- [Task instructions]:
After the line containing "Two African Penguin", copy nothing more; up to and including it, copy every line of the listing exactly from the first, leaving out the pictures.

- [Task data]:
————————

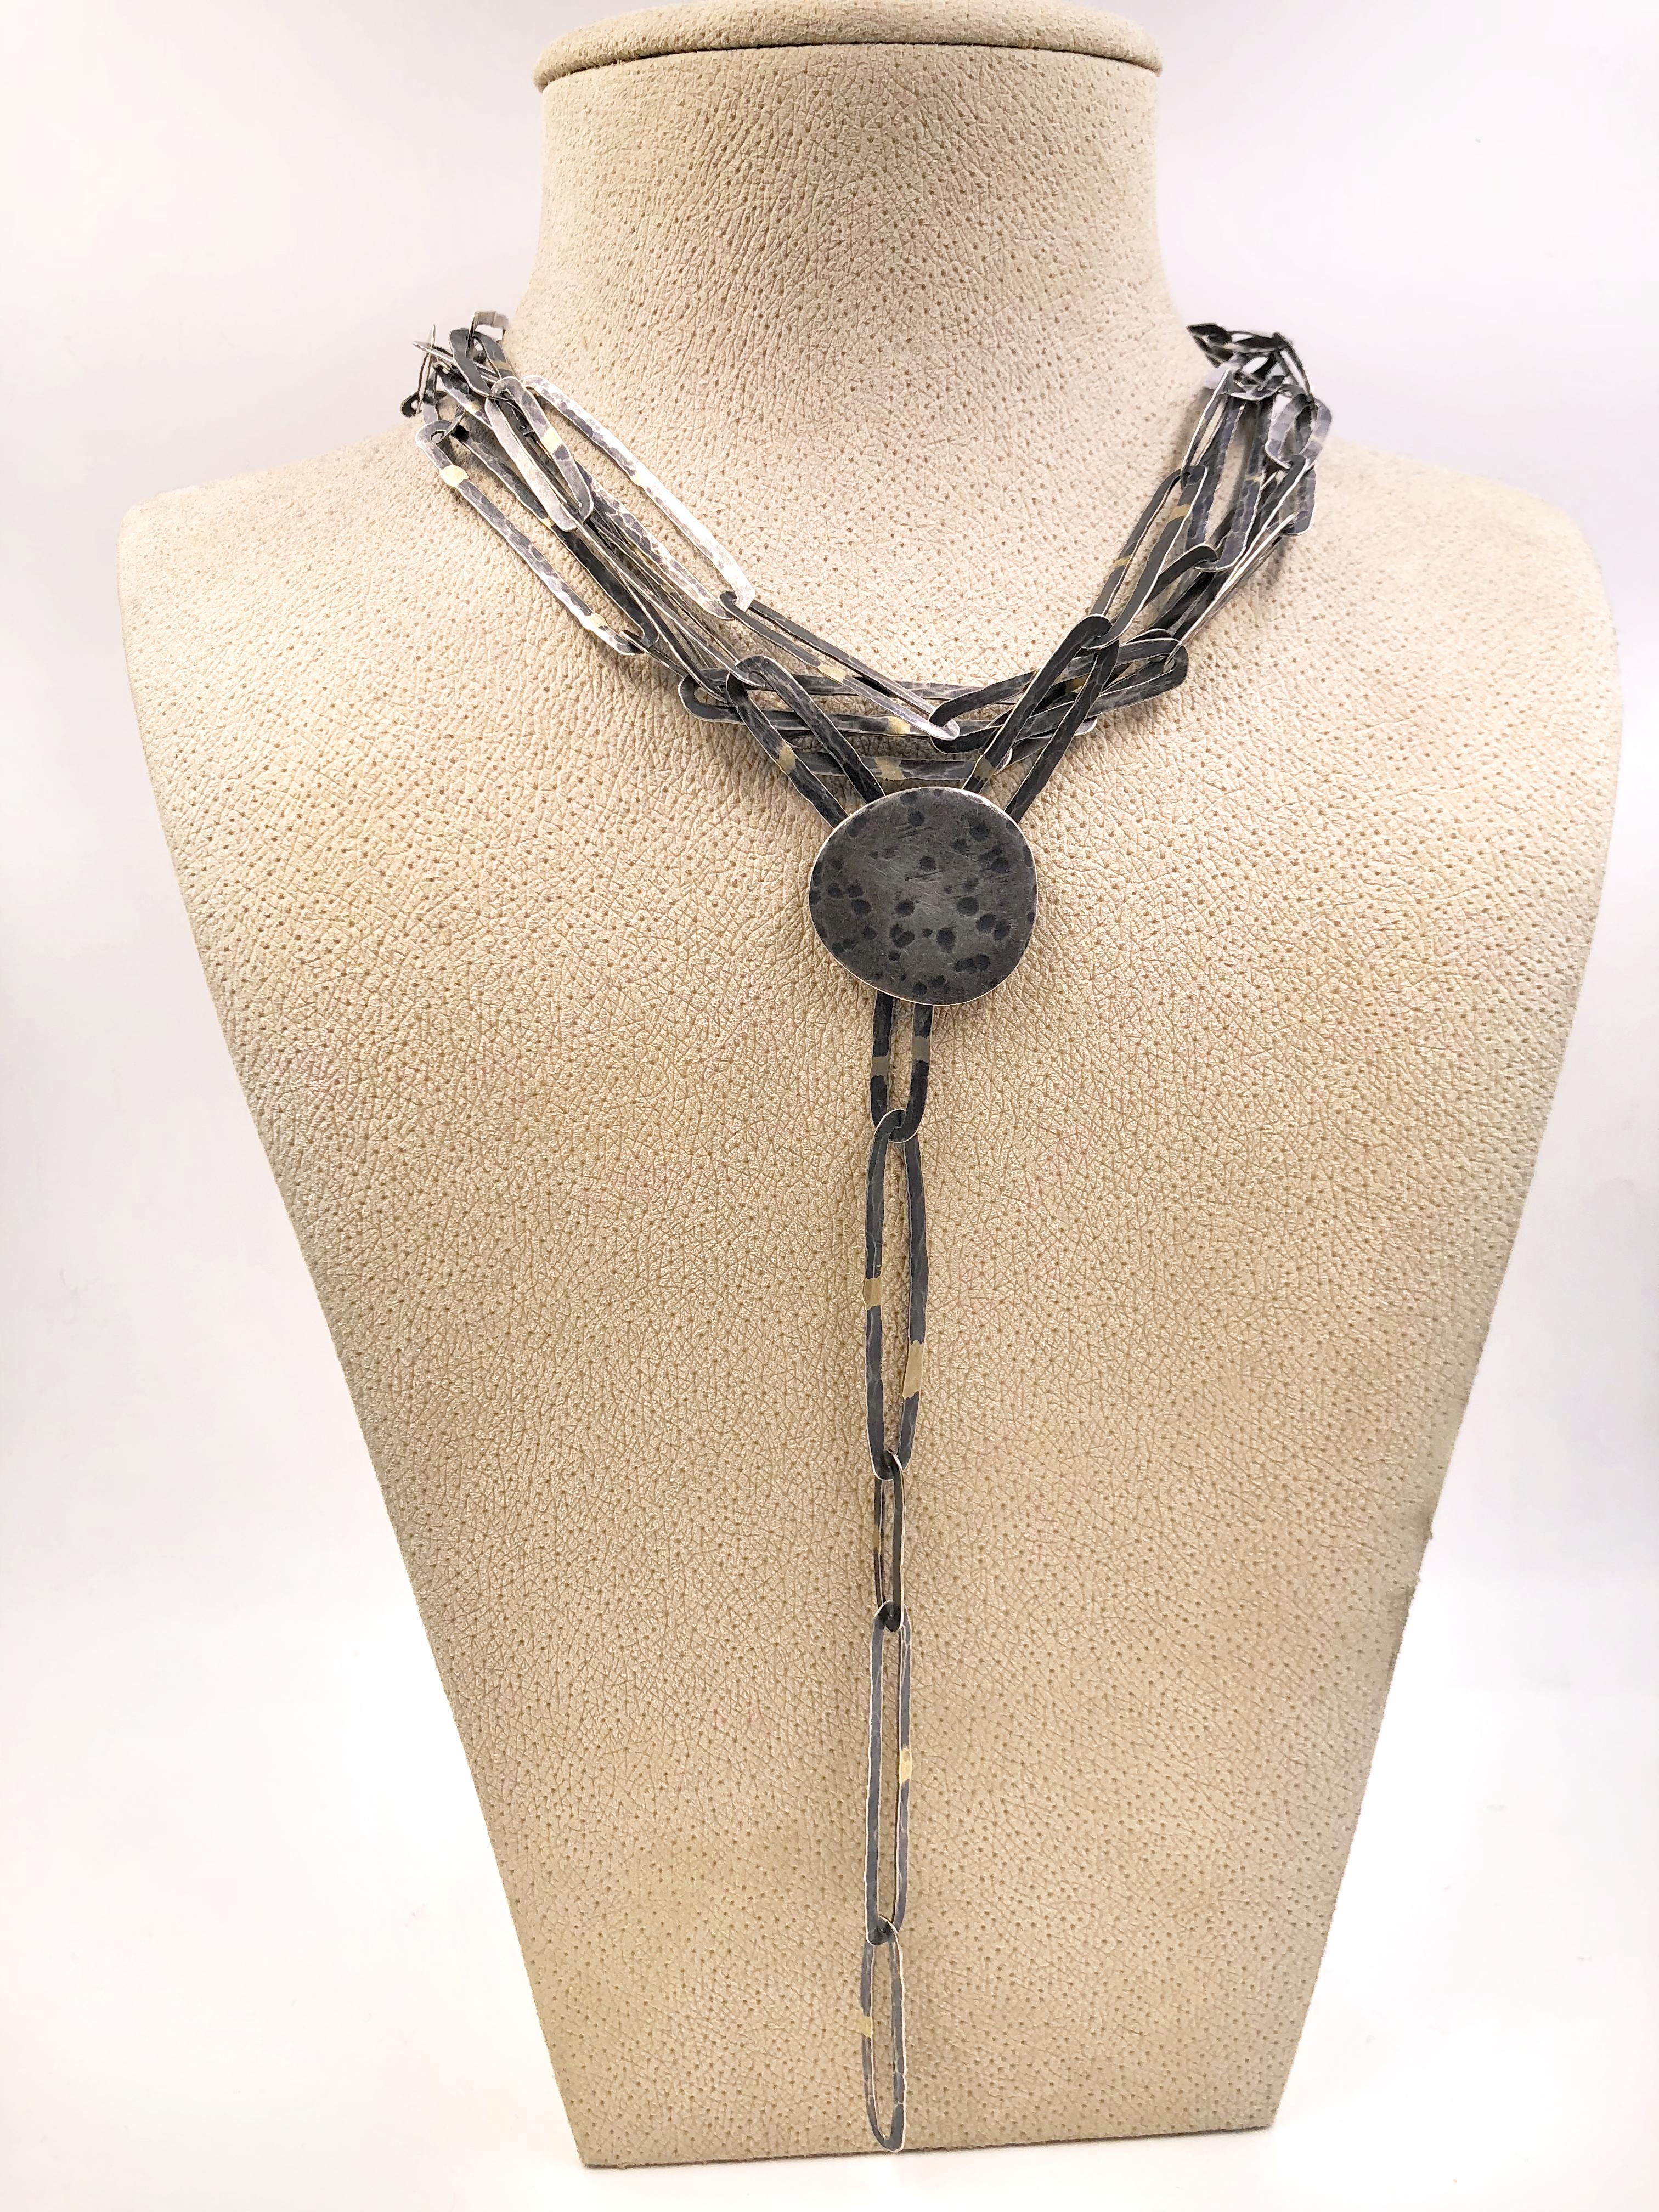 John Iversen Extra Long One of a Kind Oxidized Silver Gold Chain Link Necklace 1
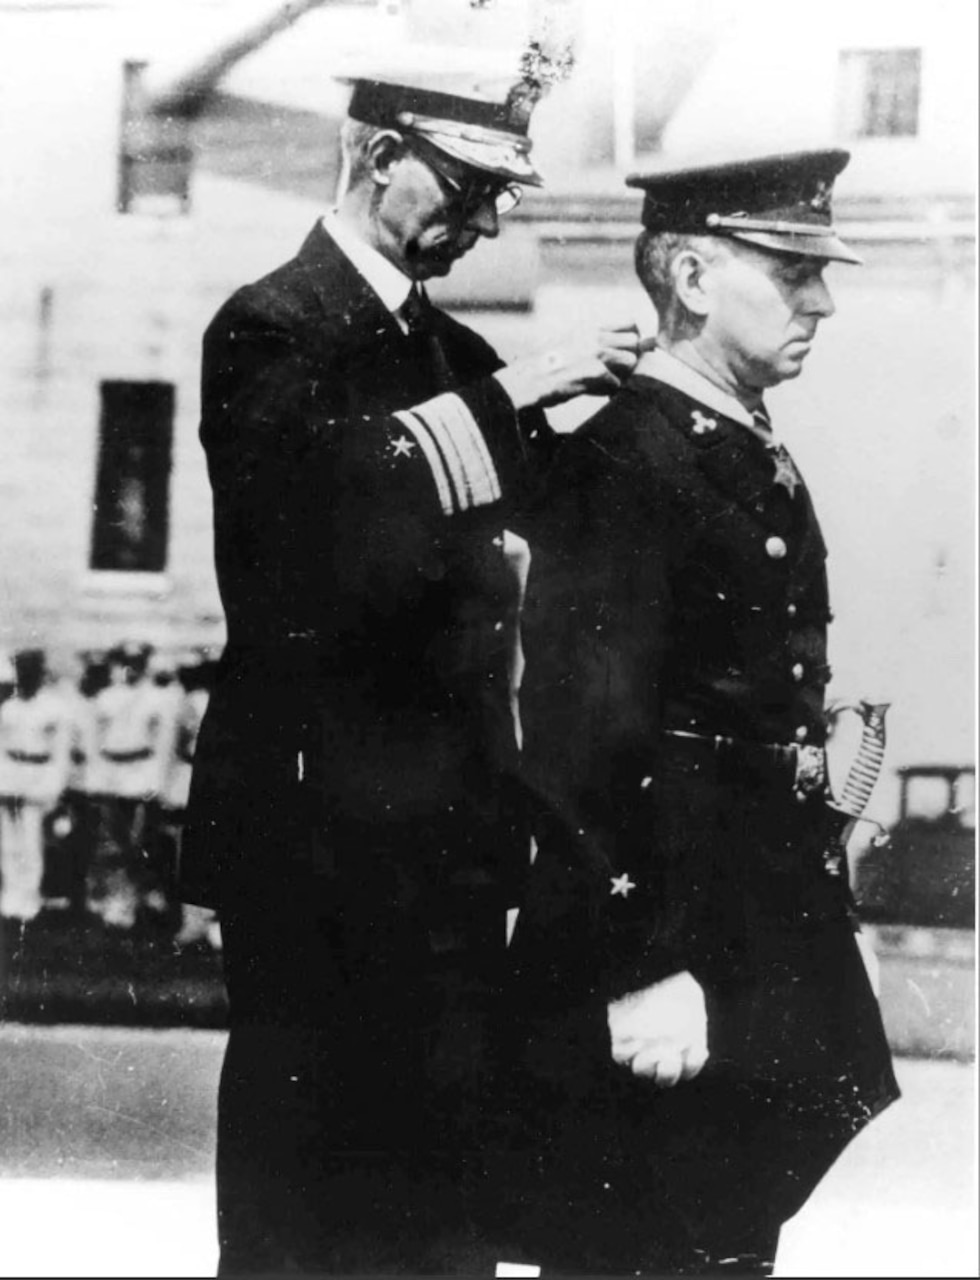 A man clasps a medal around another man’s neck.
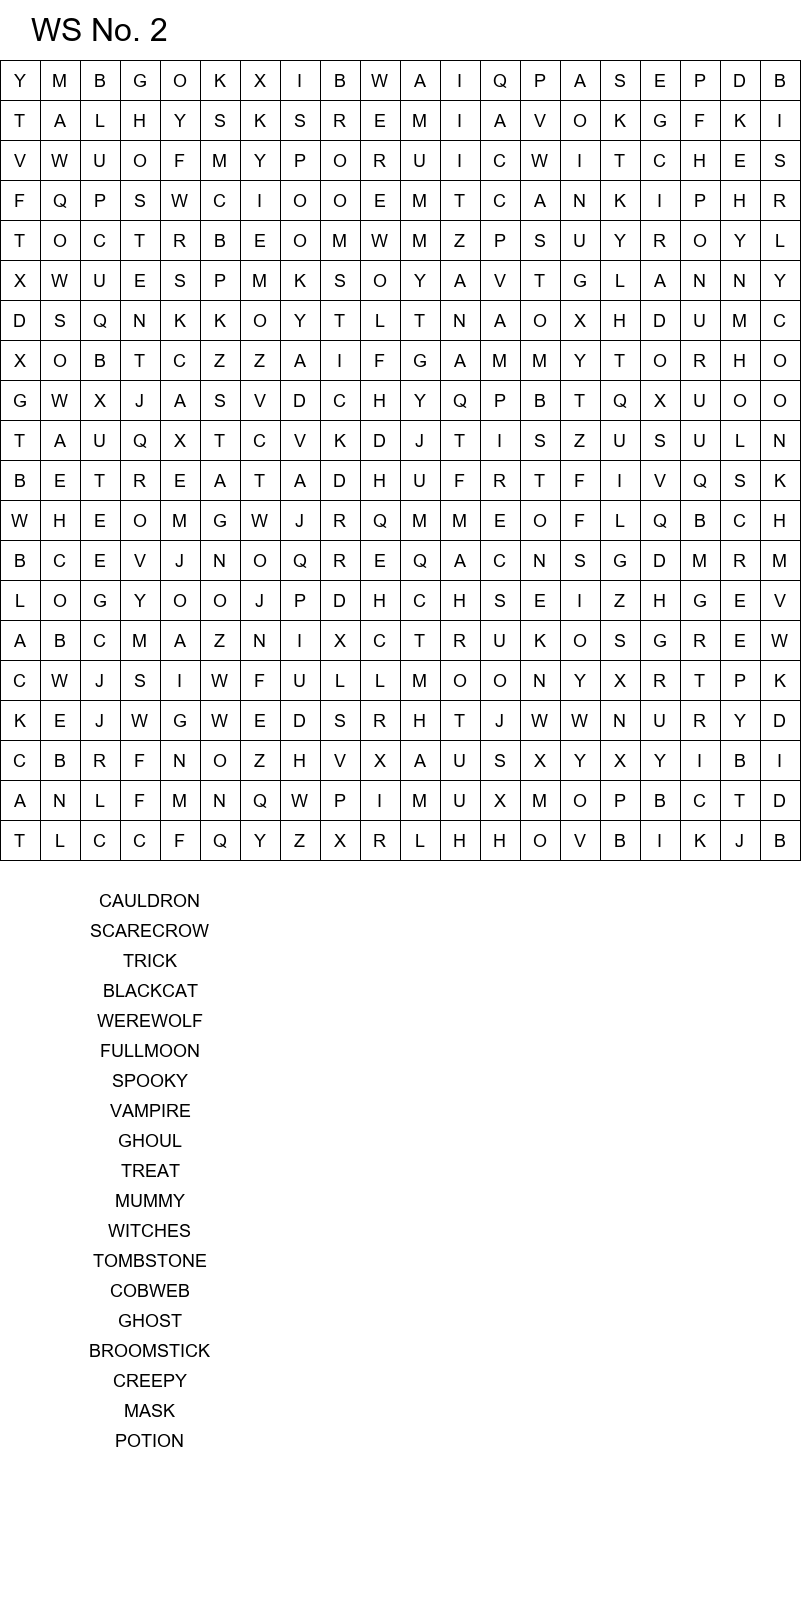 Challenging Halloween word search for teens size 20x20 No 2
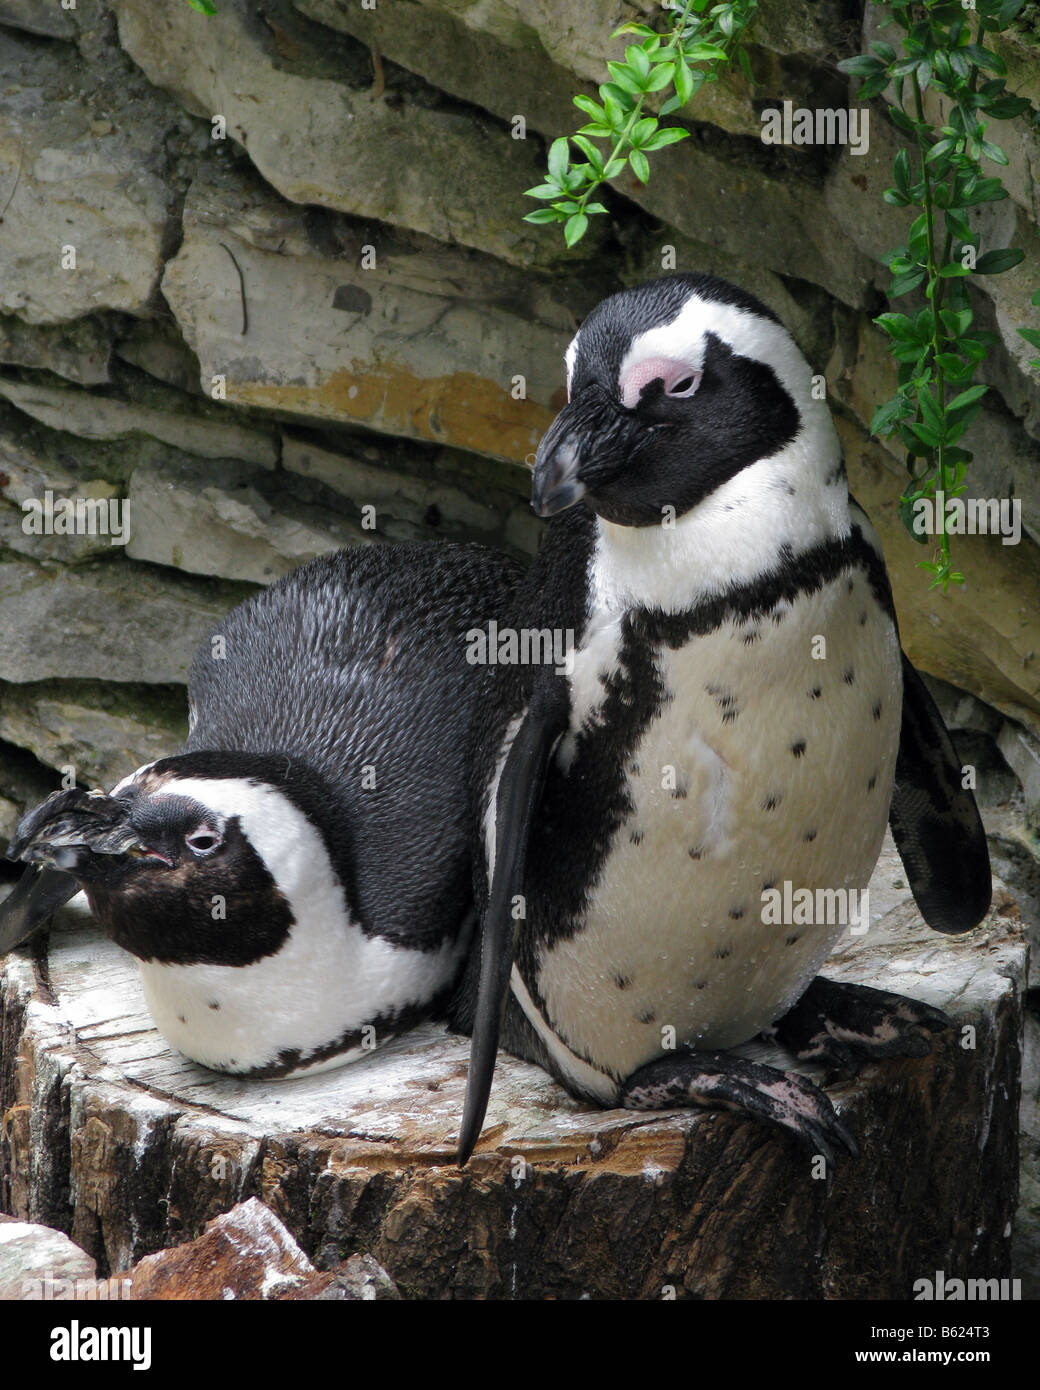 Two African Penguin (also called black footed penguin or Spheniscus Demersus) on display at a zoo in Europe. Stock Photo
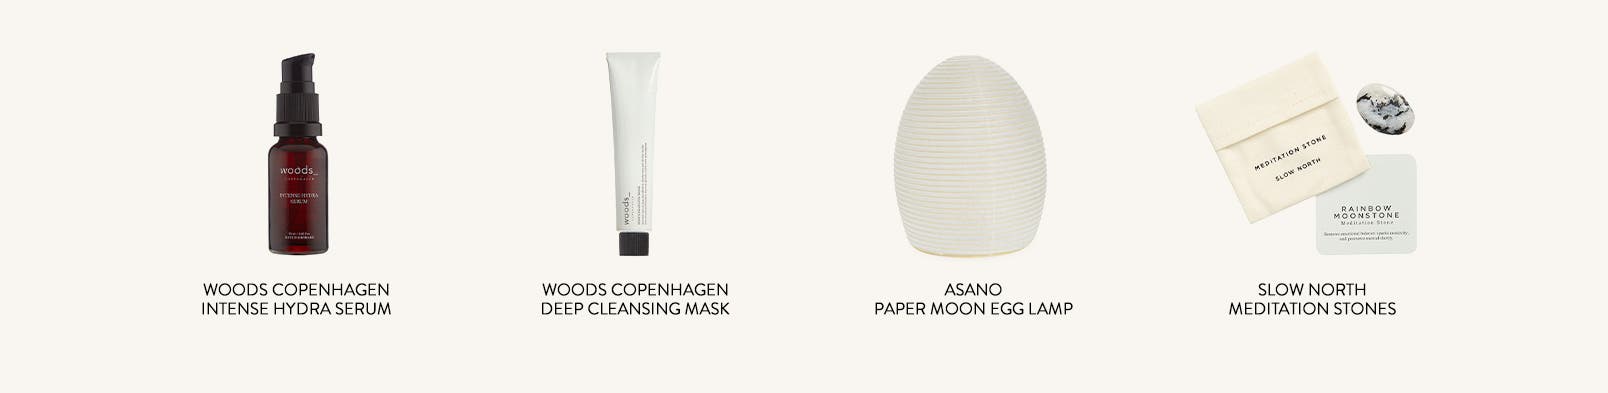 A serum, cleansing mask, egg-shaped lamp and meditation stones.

————————

- [Solution below]:
 John Iversen Extra Long One of a Kind Oxidized Silver Gold Chain Link Necklace 1
 A man clasps a medal around another man’s neck.
 Challenging Halloween word search for teens size 20x20 No 2
 Two African Penguin (also called black footed penguin or Spheniscus Demersus) on display at a zoo in Europe. Stock Photo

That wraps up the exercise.